+++ Information provided +++

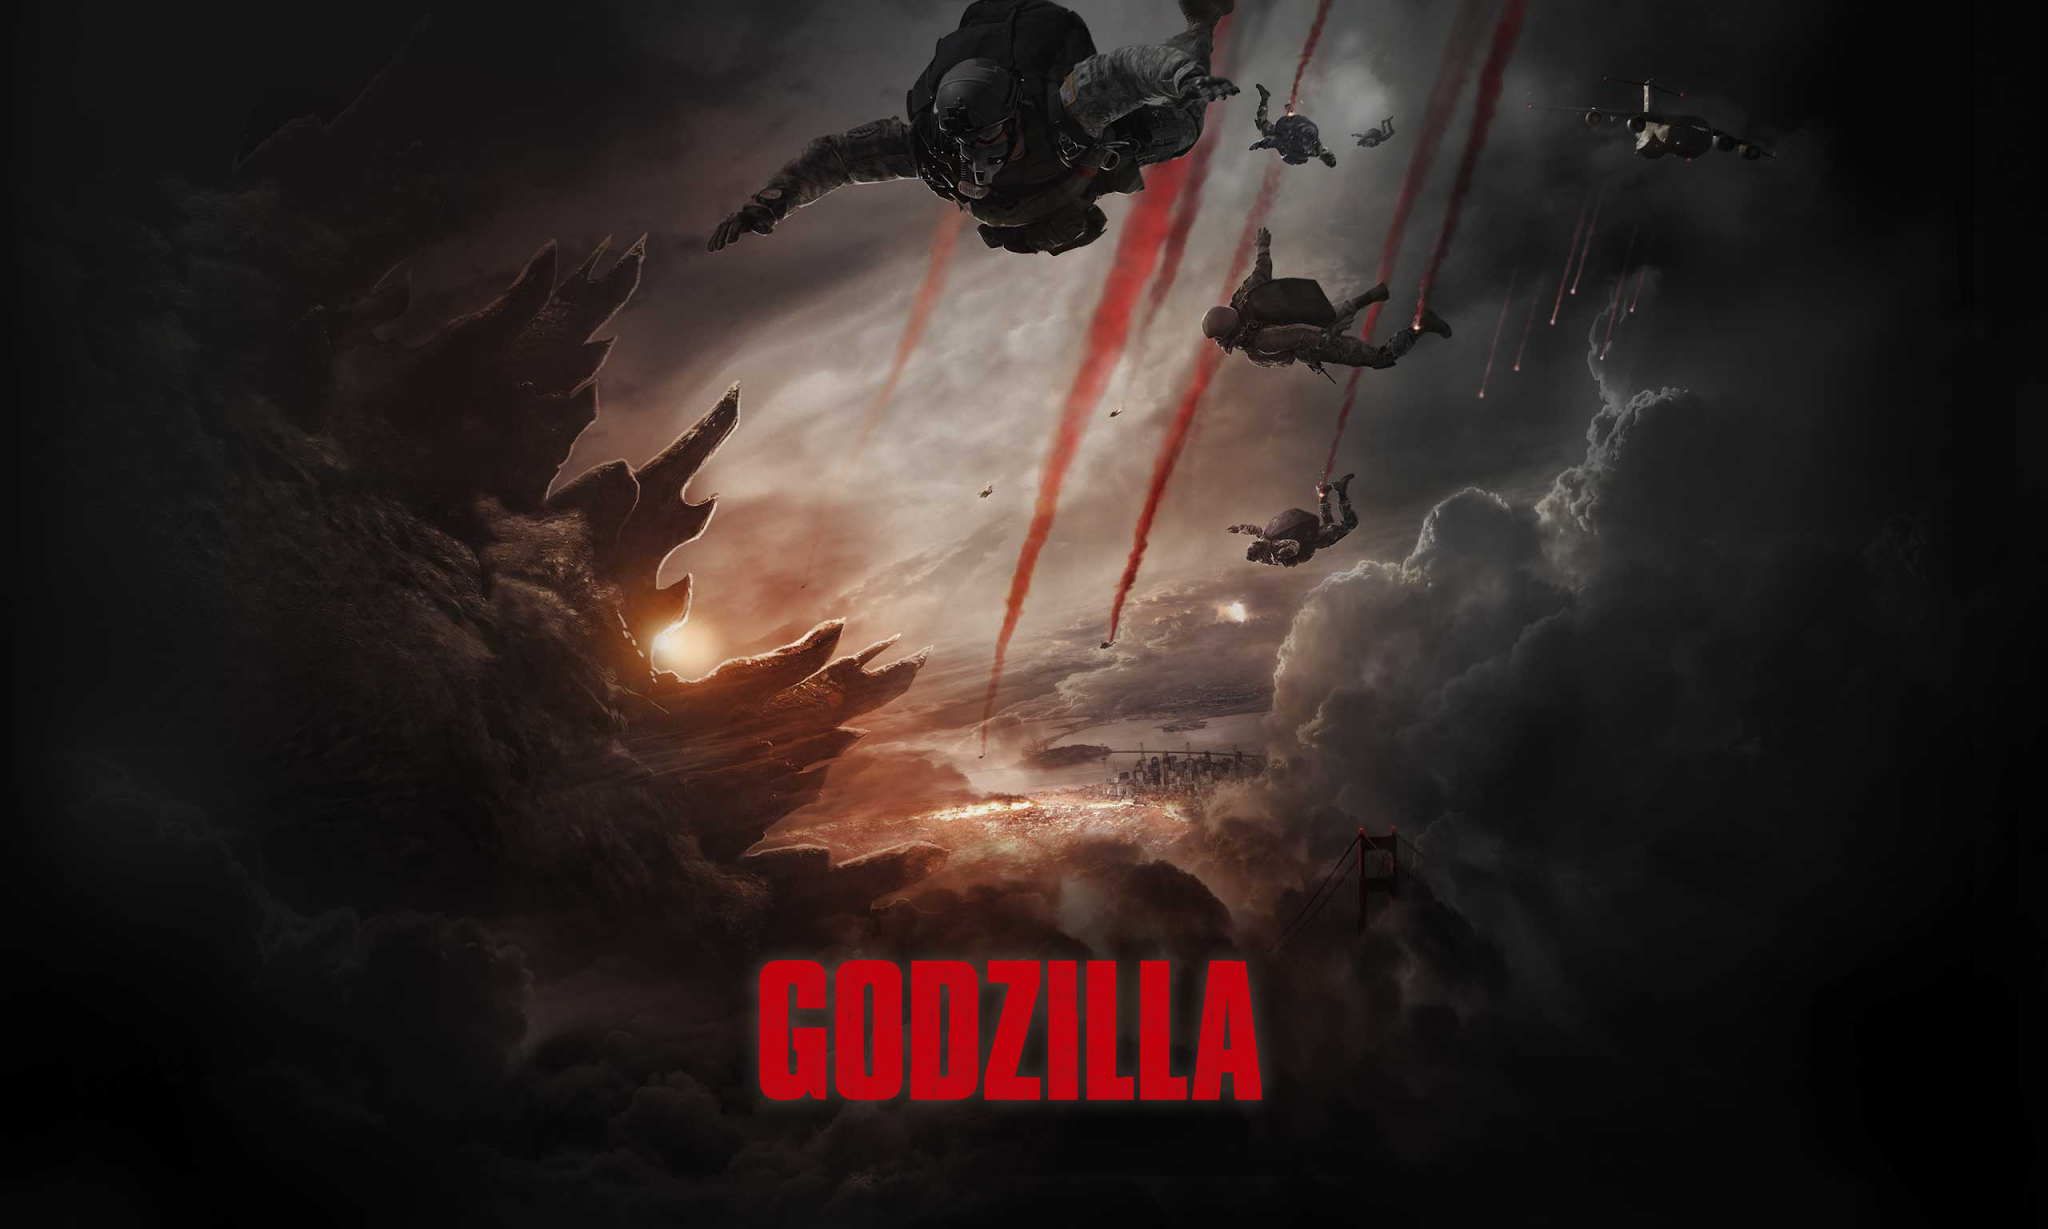 Across Godzilla Poster Wallpaper News
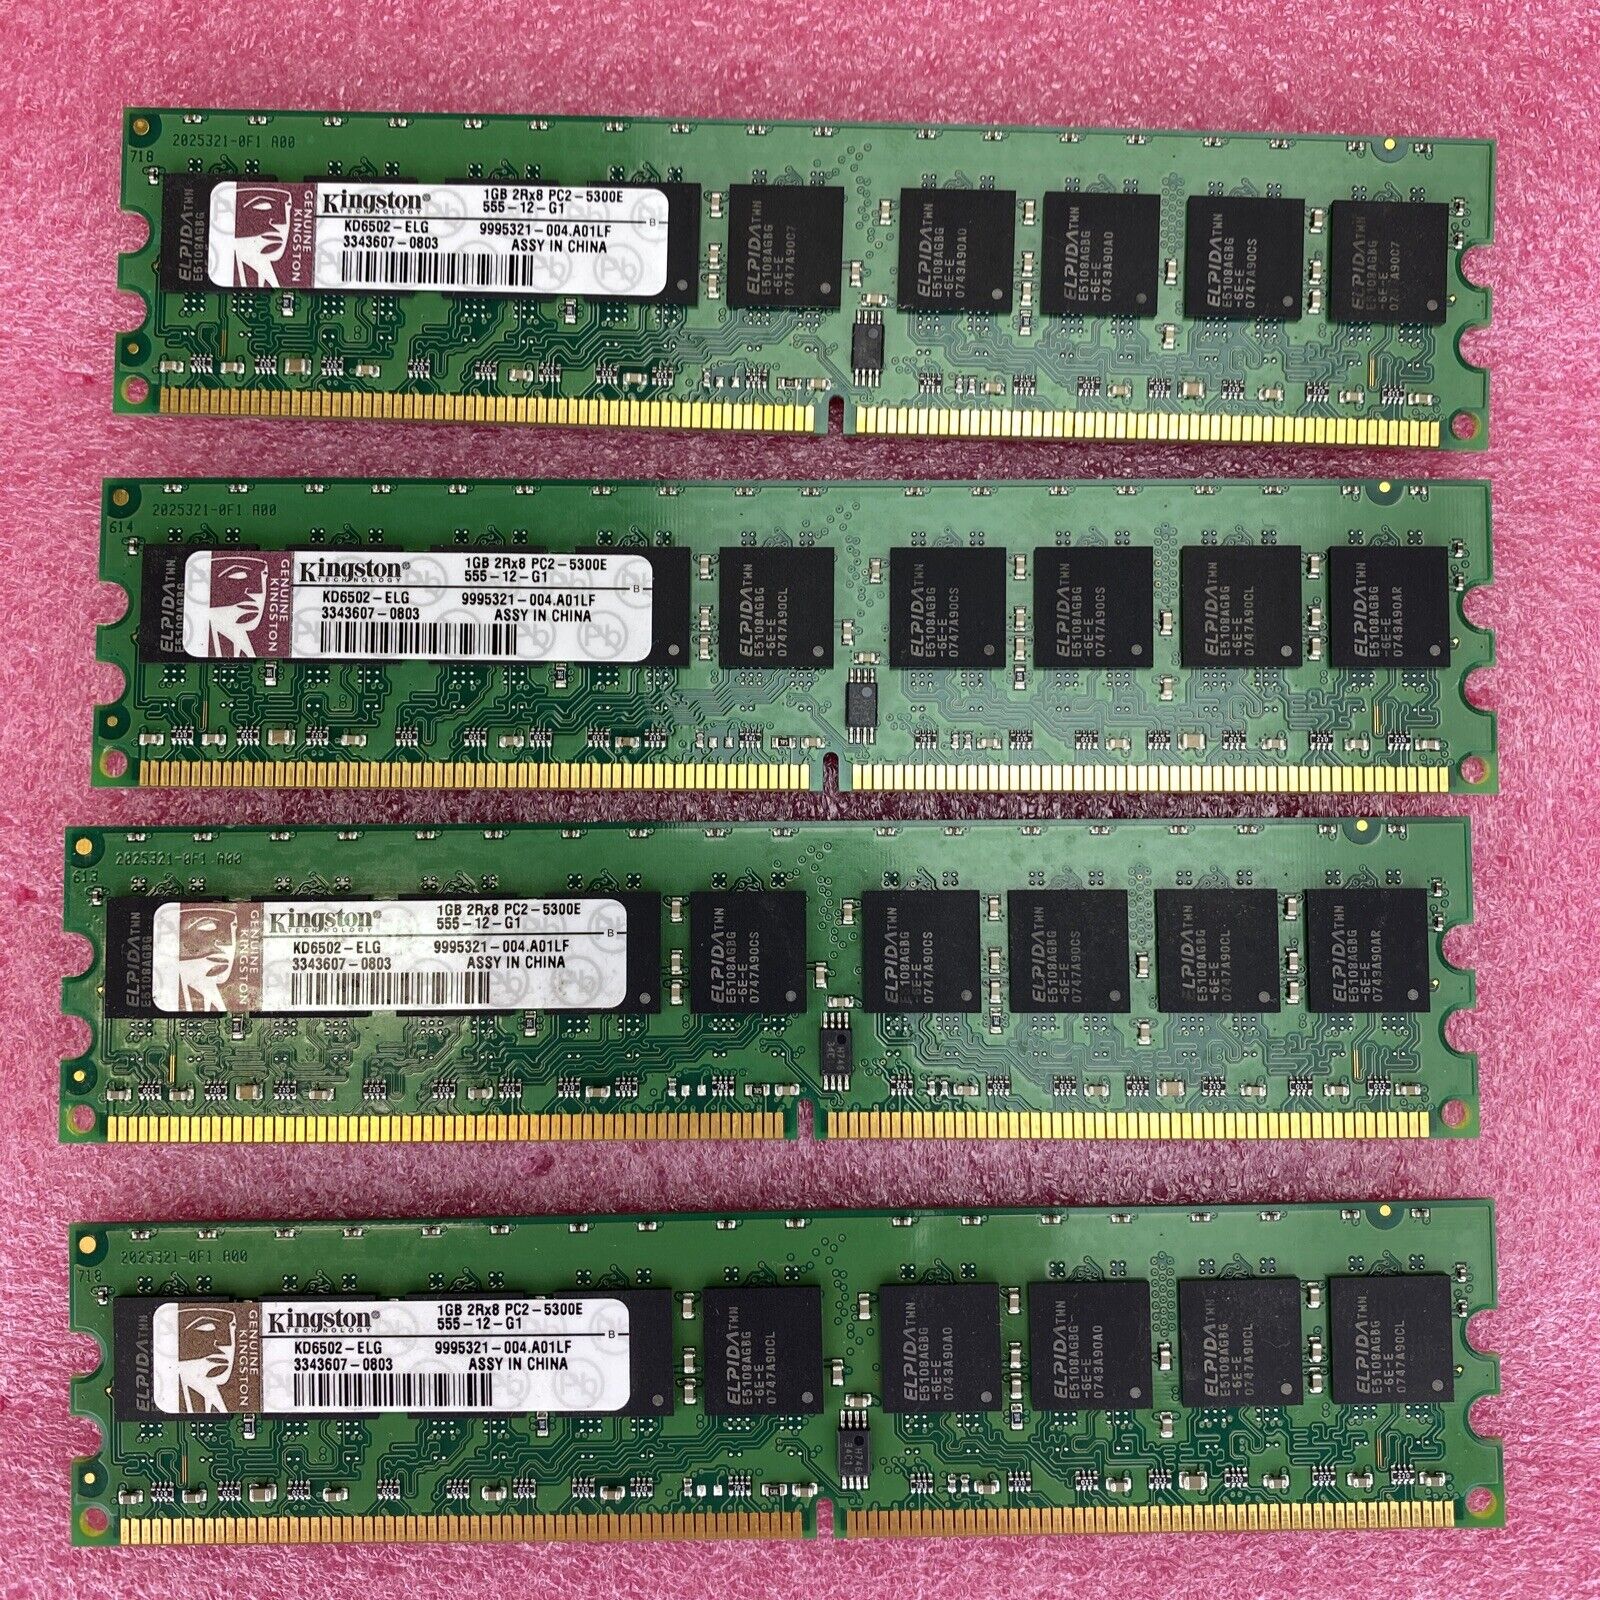 4x 1GB Kingston KD6502-ELG PC2-5300E DDR2 667 memory kit ECC RAM
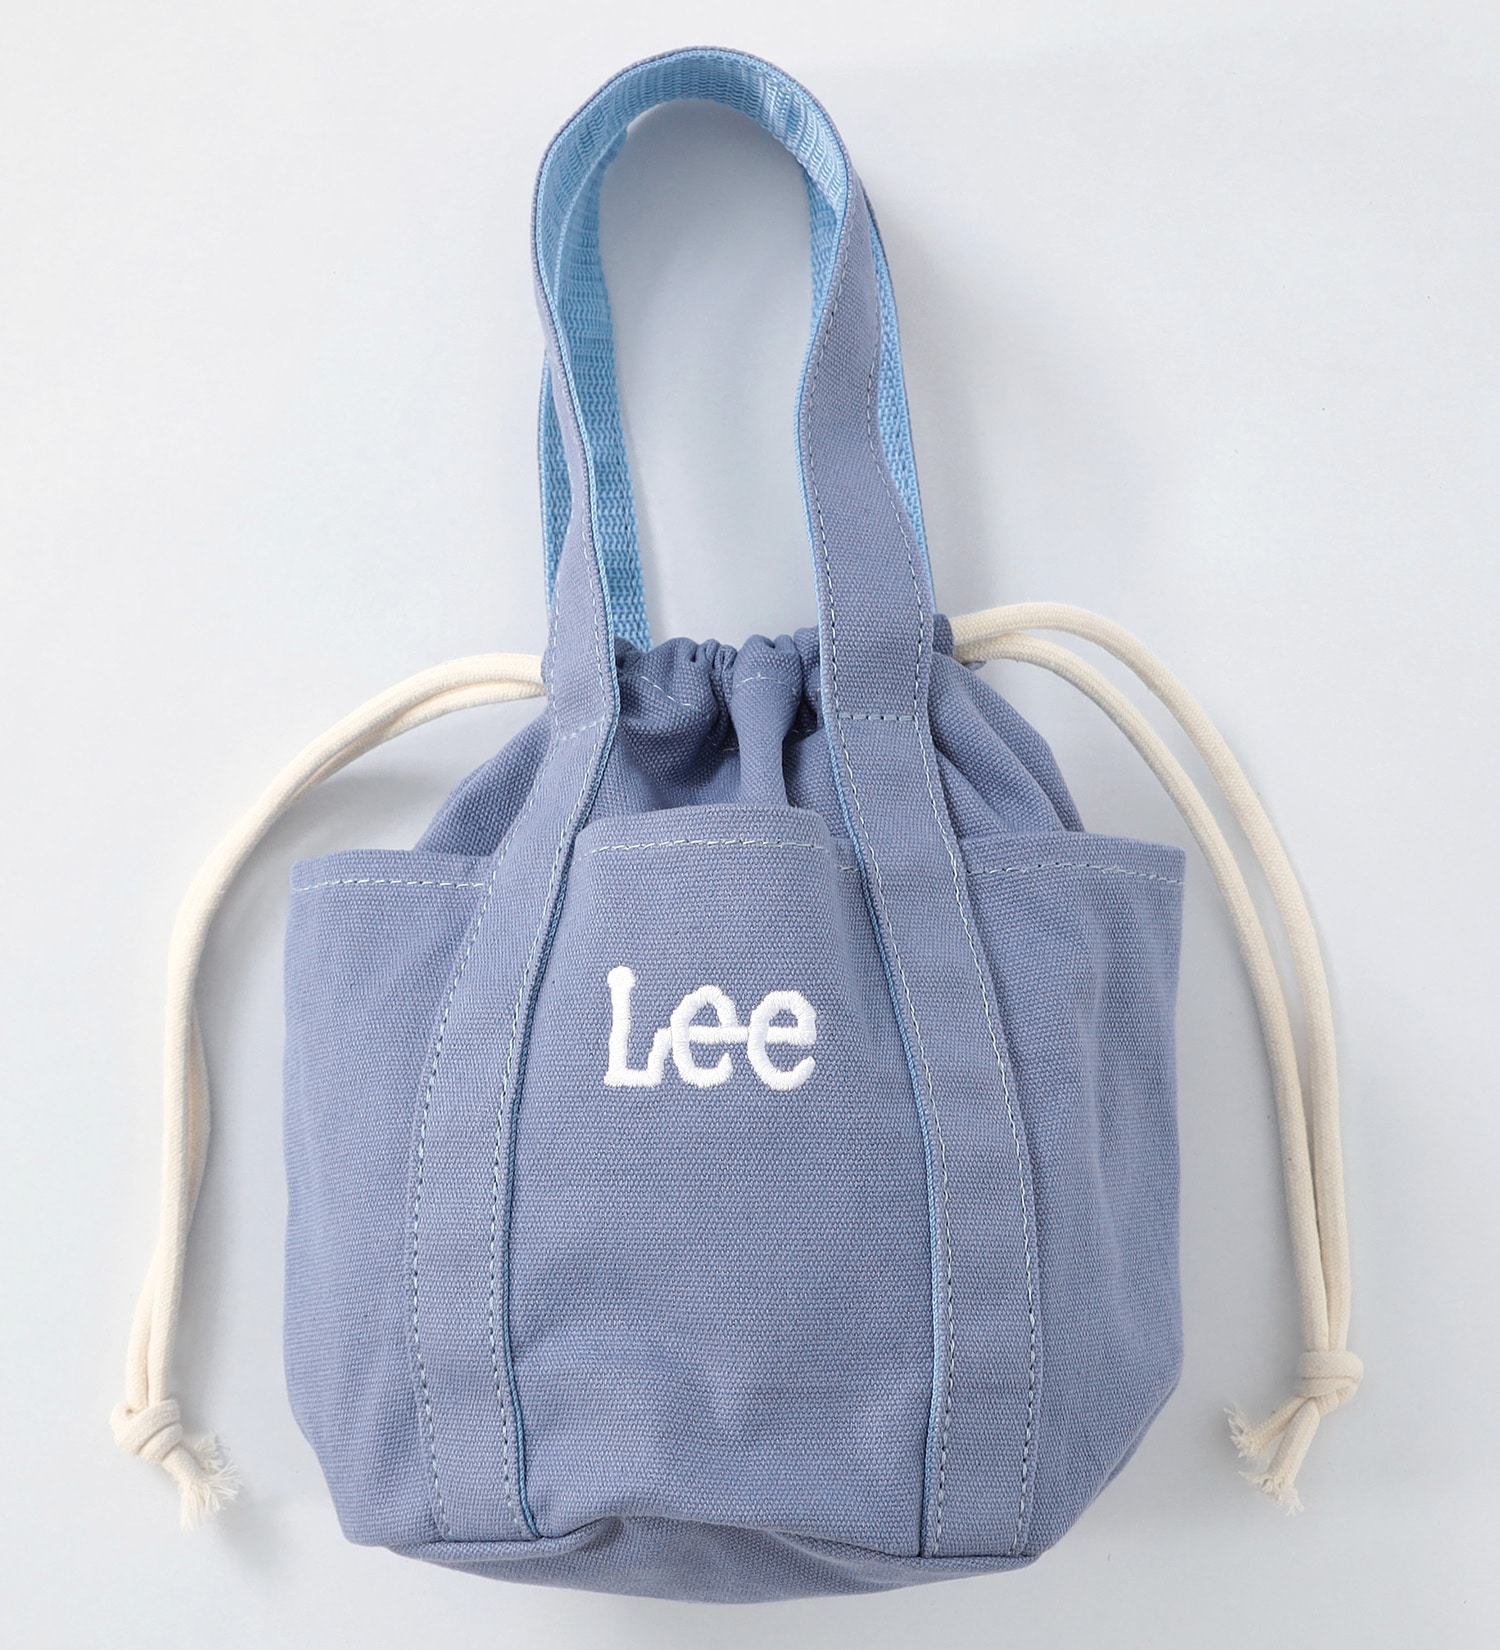 Lee(リー)の【Lee GOLF】巾着カートバッグ|バッグ/その他バッグ/メンズ|パープル

+++

Brief: Where a picture appears in the listing above, skip it and set down all the rest exactly.

Answer to this exercise:
 Across Godzilla Poster Wallpaper News
 4x 1GB Kingston KD6502-ELG PC2-5300E DDR2 667 memory kit ECC RAM
 Lee(リー)の【Lee GOLF】巾着カートバッグ|バッグ/その他バッグ/メンズ|パープル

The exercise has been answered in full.